*Supplied data*
------------------------------------------------------------------------

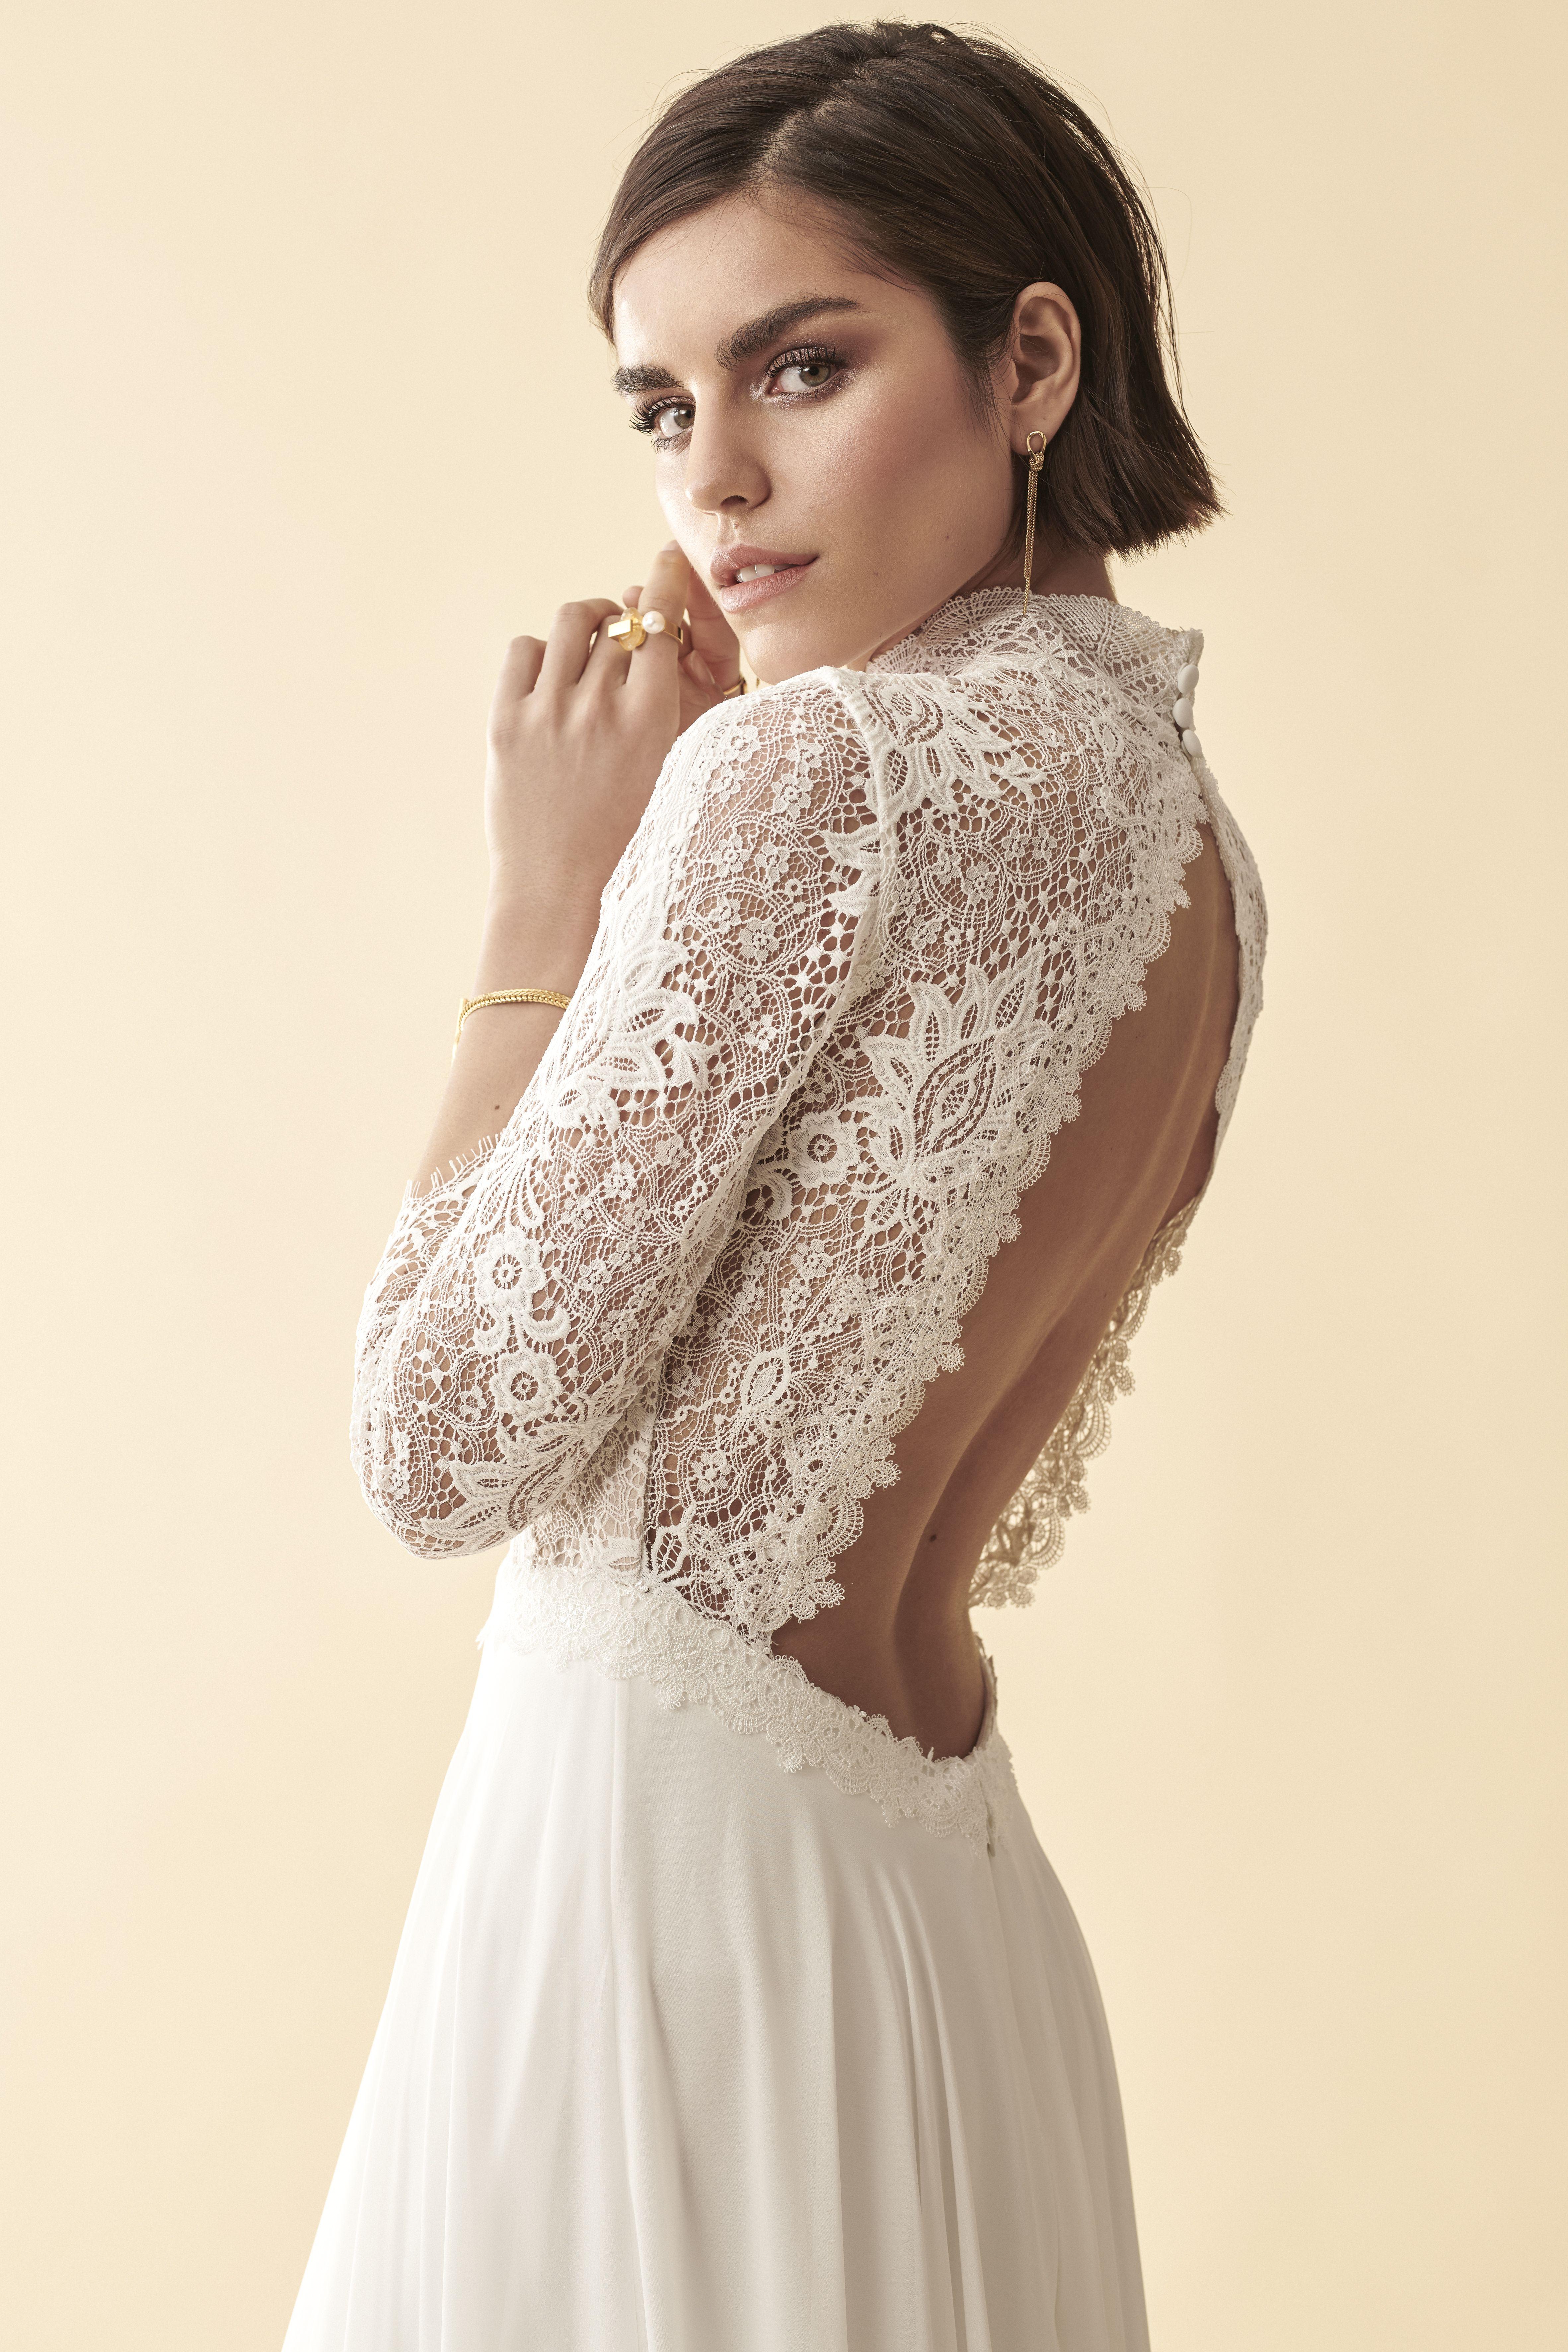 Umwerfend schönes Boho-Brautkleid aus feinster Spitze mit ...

------------------------------------------------------------------------

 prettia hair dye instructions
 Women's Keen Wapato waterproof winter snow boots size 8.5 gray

------------------------------------------------------------------------

Give again, word for word, every line of the listing above from the one with "prettia hair dye instructions" to the one with "Women's Keen Wapato", both inclusive, and nothing beyond them.

*Solved problem*
 prettia hair dye instructions
 Women's Keen Wapato waterproof winter snow boots size 8.5 gray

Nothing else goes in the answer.